Posted to issues@spark.apache.org by "Li Sheng (JIRA)" <ji...@apache.org> on 2015/06/10 10:16:00 UTC
[jira] [Created] (SPARK-8287) Filter not push down through Subquery
or View
Li Sheng created SPARK-8287:
-------------------------------
Summary: Filter not push down through Subquery or View
Key: SPARK-8287
URL: https://issues.apache.org/jira/browse/SPARK-8287
Project: Spark
Issue Type: Bug
Components: SQL
Affects Versions: 1.3.1
Reporter: Li Sheng
Fix For: 1.4.0
Filter not push down through Subquery or View. Assume we have two big partitioned table join inner a Subquery or a View and filter not push down, this will cause a full partition join and will cause performance issues.

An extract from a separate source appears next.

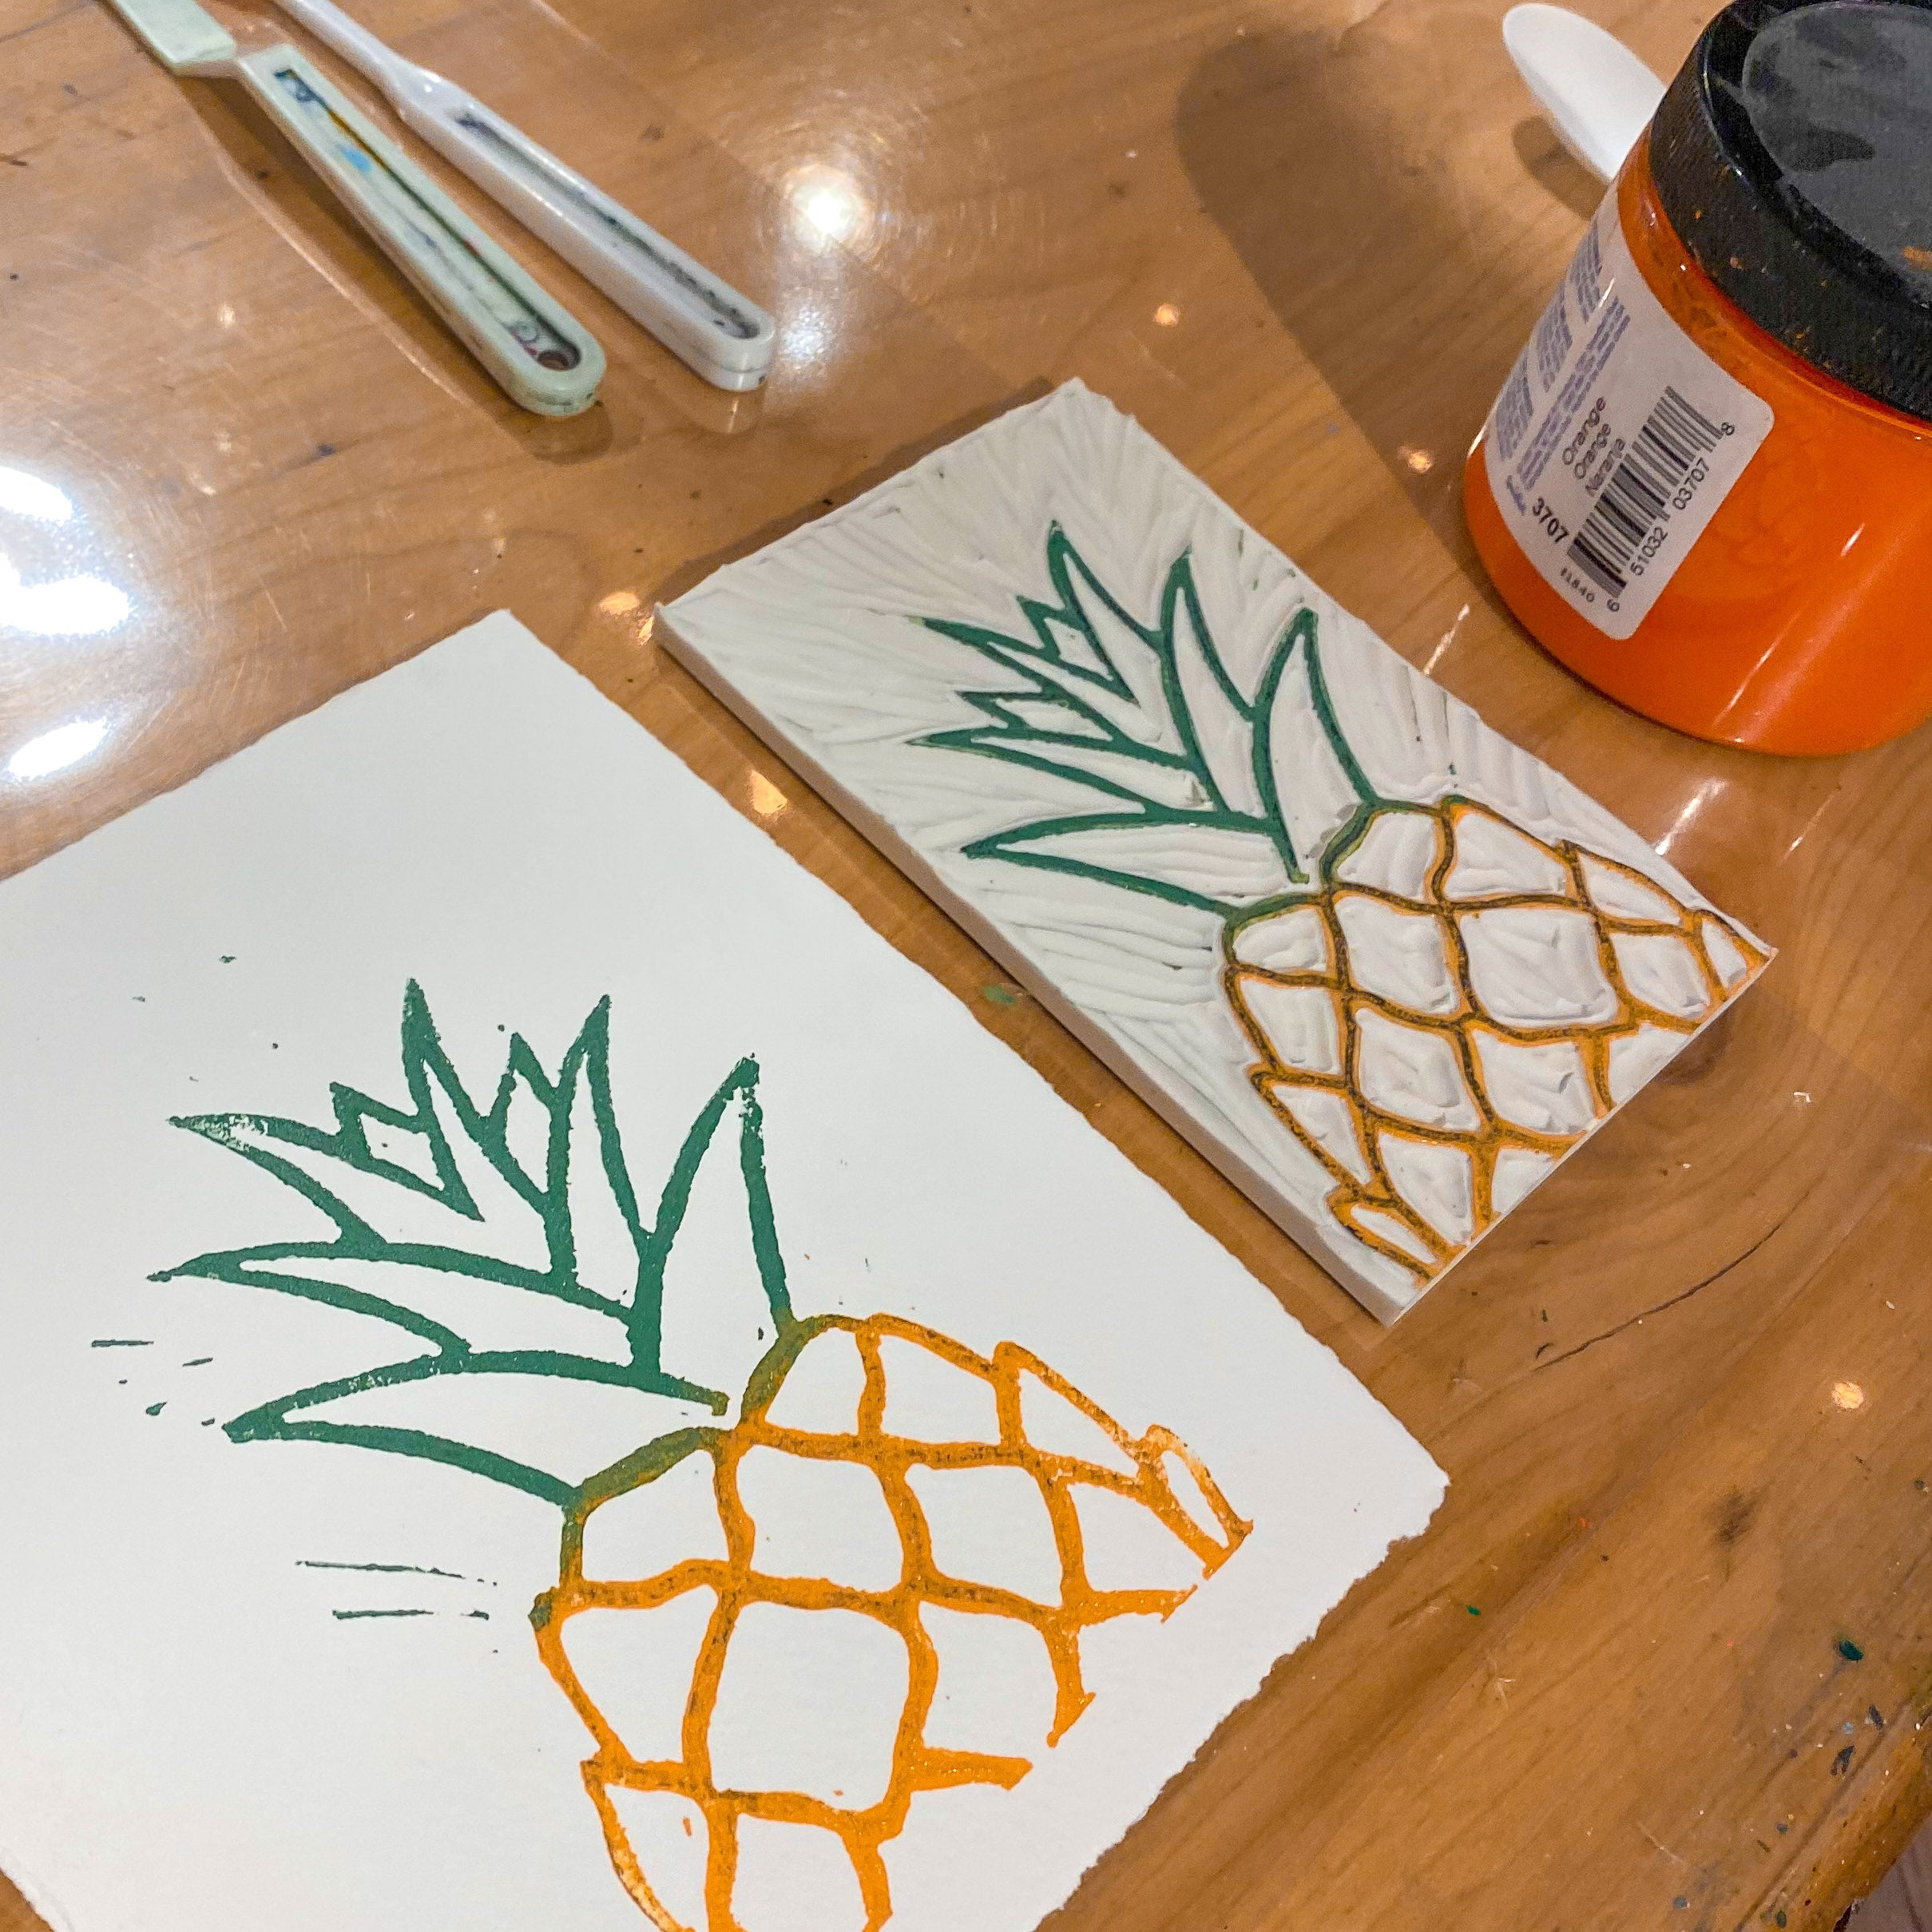 unique night out ideas for adults - paint bar &amp; activities

Let me give and example that can reproduce the problem:
create table src(key int, value string);
--创建分区表并且导入数据
CREATE TABLE src_partitioned1 (key int, value STRING) PARTITIONED BY (ds STRING);
insert overwrite table src_partitioned1 PARTITION (ds='1') select key, value from src;
insert overwrite table src_partitioned1 PARTITION (ds='2') select key, value from src;
CREATE TABLE src_partitioned2 (key int, value STRING) PARTITIONED BY (ds STRING);
insert overwrite table src_partitioned2 PARTITION (ds='1') select key, value from src;
insert overwrite table src_partitioned2 PARTITION (ds='2') select key, value from src;
--创建视图
create view src_view as select sum(a.key) s1, sum(b.key) s2, b.ds ds from src_partitioned1 a join src_partitioned2 b on a.ds = b.ds group by b.ds
create view src_view_1 as select sum(a.key) s1, sum(b.key) s2, b.ds my_ds from src_partitioned1 a join src_partitioned2 b on a.ds = b.ds group by b.ds
--QueryExecution
select * from dw.src_view where ds='2'
sql("select * from dw.src_view where ds='2' ").queryExecution
== Parsed Logical Plan ==
'Project [*]
'Filter ('ds = 2)
'UnresolvedRelation [dw,src_view], None
== Analyzed Logical Plan ==
Project [s1#60L,s2#61L,ds#62]
Filter (ds#62 = 2)
Subquery src_view
Aggregate [ds#66], [SUM(CAST(key#64, LongType)) AS s1#60L,SUM(CAST(key#67, LongType)) AS s2#61L,ds#66 AS ds#62]
Join Inner, Some((ds#63 = ds#66))
MetastoreRelation dw, src_partitioned1, Some(a)
MetastoreRelation dw, src_partitioned2, Some(b)
== Optimized Logical Plan ==
Filter (ds#62 = 2)
Aggregate [ds#66], [SUM(CAST(key#64, LongType)) AS s1#60L,SUM(CAST(key#67, LongType)) AS s2#61L,ds#66 AS ds#62]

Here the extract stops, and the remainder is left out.